The 2001 cover story about the evangelical presence of Ned diddly ed Flanders on "The Simpsons" is one of the most popular to run in
Christianity Today. It's author, Mark I. Pinsky, cobbled the article from his reportage for "
The Gospel According to the Simpsons," and it was based on details
like these:
An Oral Roberts University graduate who is never without a Bible and a large piece of the True Cross (which saved his life in one episode when he was shot), Ned believes that an essential element of a good life is "a daily dose of vitamin church."
Pinsky returns to CT with a
short review of a tract by "Simpsons" creator Matt Groening called, "
Flanders' Book of Faith."
There are two running features in the book that elucidate Flanders's religious faith and its practical application. One is "What Would Ned Do?" Among the things he would do is sacrifice his son, as the patriarch Abraham was ordered to do, without question.

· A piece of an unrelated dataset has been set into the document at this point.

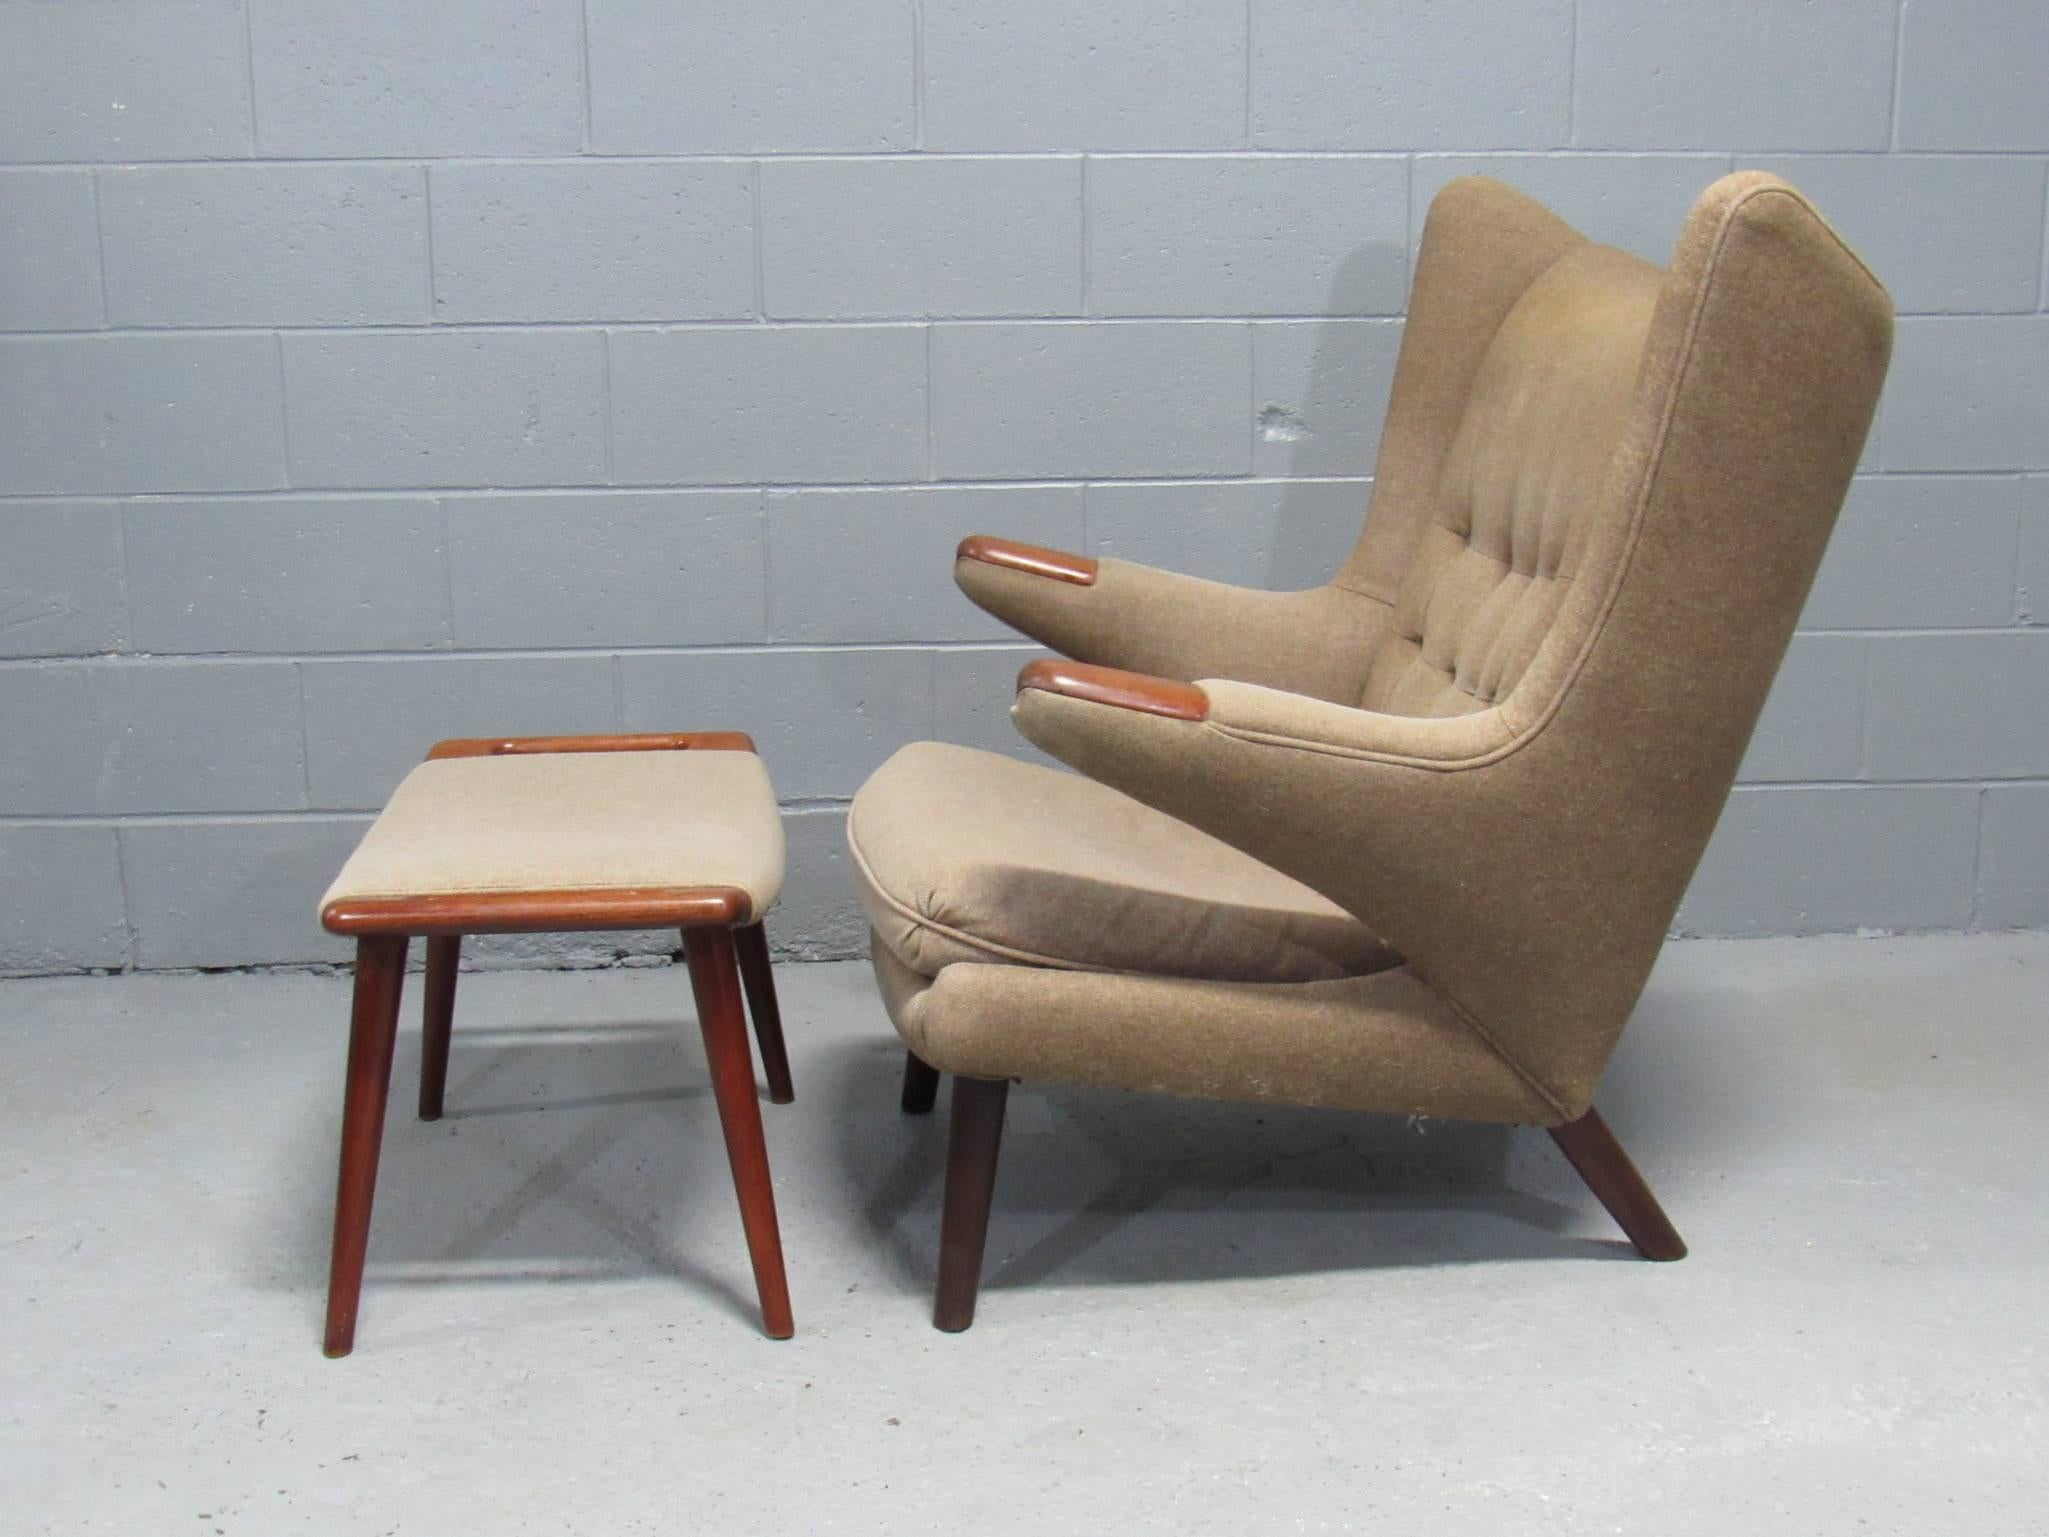 20th Century 1950s Papa Bear Chair and Ottoman Model AP-19 by Hans Wegner for AP Stolen

He'd also audit his own taxes and charge himself an additional $65.42.
There is also an ongoing dialogue in which the children of The Simpsons ask him deceptively simple questions that require profound responses. "If God is love," Lisa asks, "why does he send people to hell?" Ned thinks a moment, and then explains, "Technically, God doesn't send anyone to hell, Lisa. People send themselves there. It's what we call 'free will.'" Bart scoffs that the Bible "is filled with trick questions."
Bart is, of course, right. My favorite example is when Jesus
was asked whether his followers should pay taxes in an act of submission to secular authority.
"Show me a denarius. Whose portrait and inscription are on it?"
"Caesar's," they replied.
He said to them, "Then give to Caesar what is Caesar's, and to God what is God's."